## The task
Please restate the listing word for word, omitting the images.

## Given material
= = = =

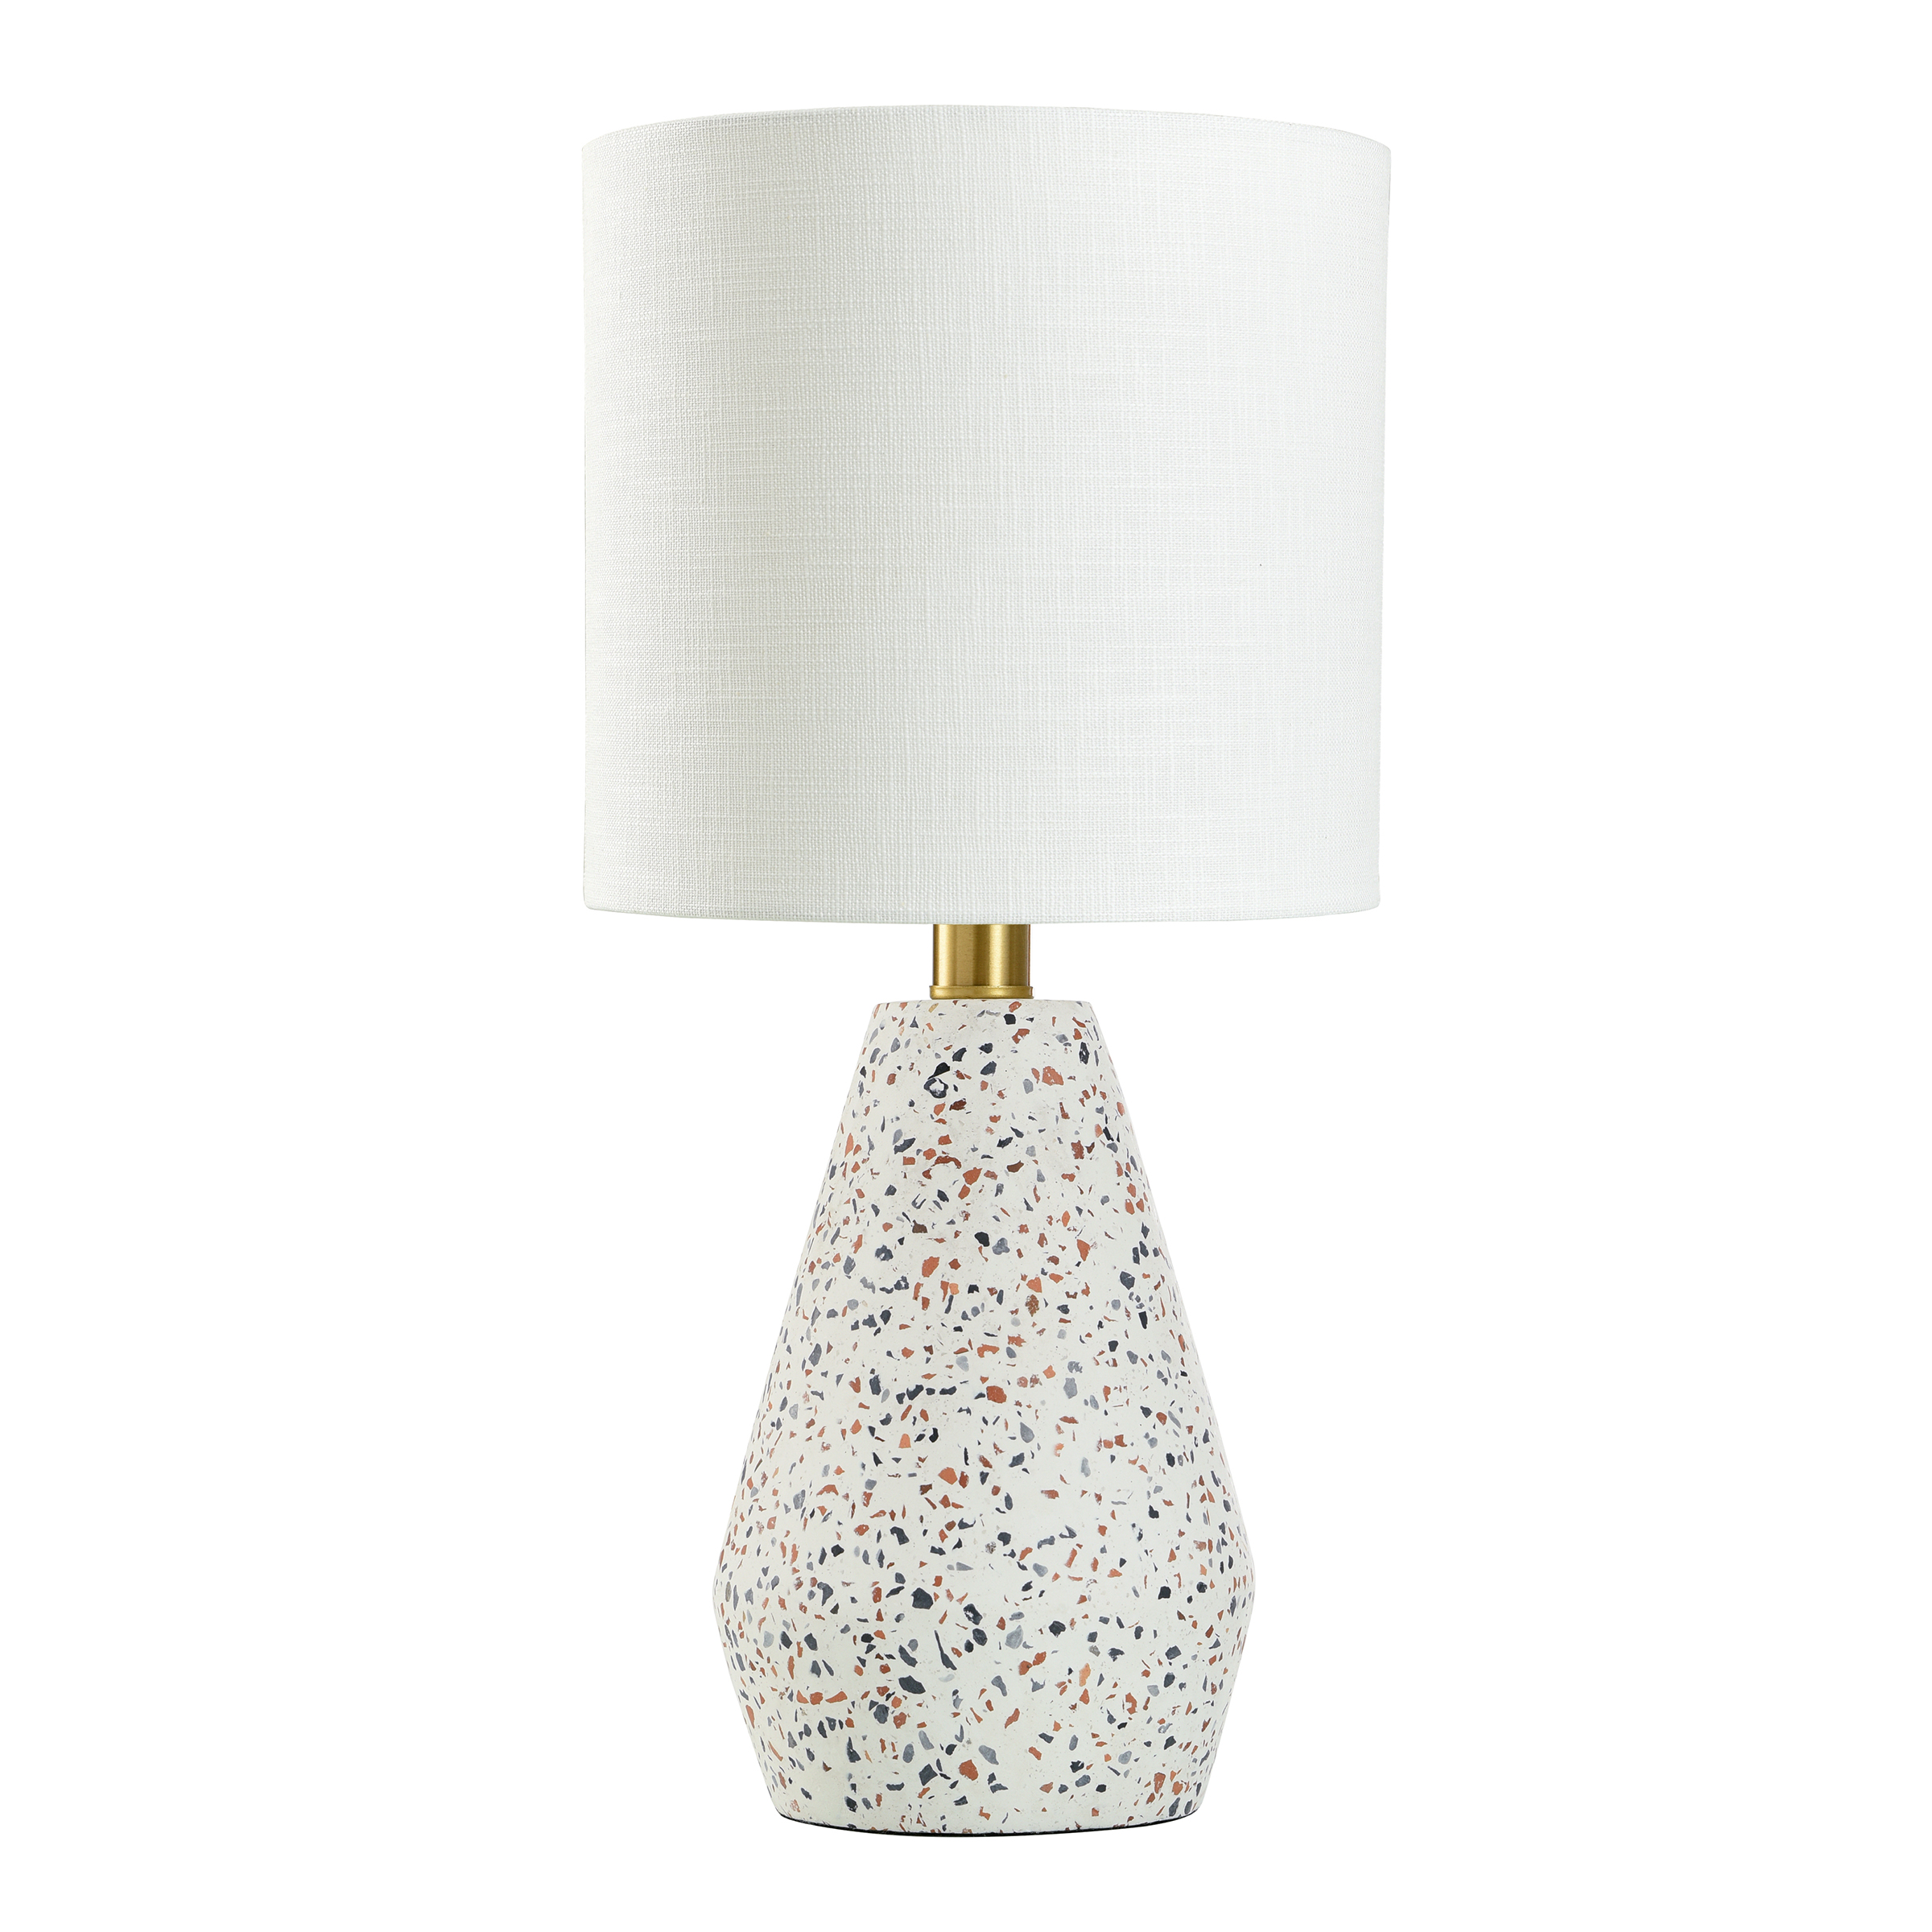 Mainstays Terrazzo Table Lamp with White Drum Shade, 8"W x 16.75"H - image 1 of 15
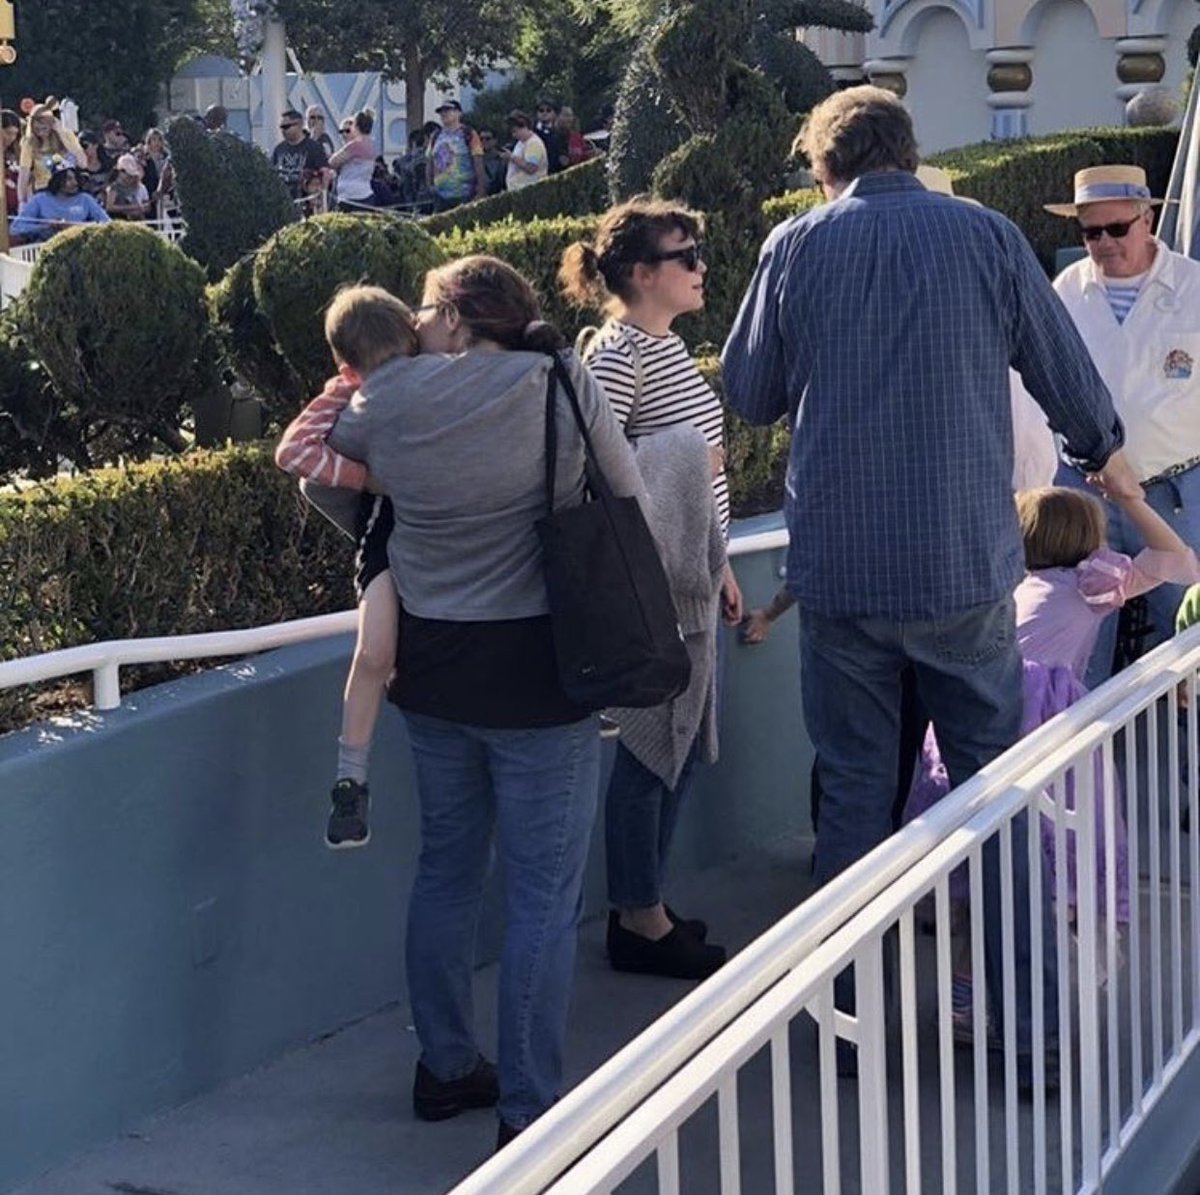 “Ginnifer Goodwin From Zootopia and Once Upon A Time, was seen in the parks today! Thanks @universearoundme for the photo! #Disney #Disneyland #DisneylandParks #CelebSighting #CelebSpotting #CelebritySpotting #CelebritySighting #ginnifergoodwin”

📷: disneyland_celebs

= = = =

## Reply
 Mainstays Terrazzo Table Lamp with White Drum Shade, 8"W x 16.75"H - image 1 of 15
 “Ginnifer Goodwin From Zootopia and Once Upon A Time, was seen in the parks today! Thanks @universearoundme for the photo! #Disney #Disneyland #DisneylandParks #CelebSighting #CelebSpotting #CelebritySpotting #CelebritySighting #ginnifergoodwin”

📷: disneyland_celebs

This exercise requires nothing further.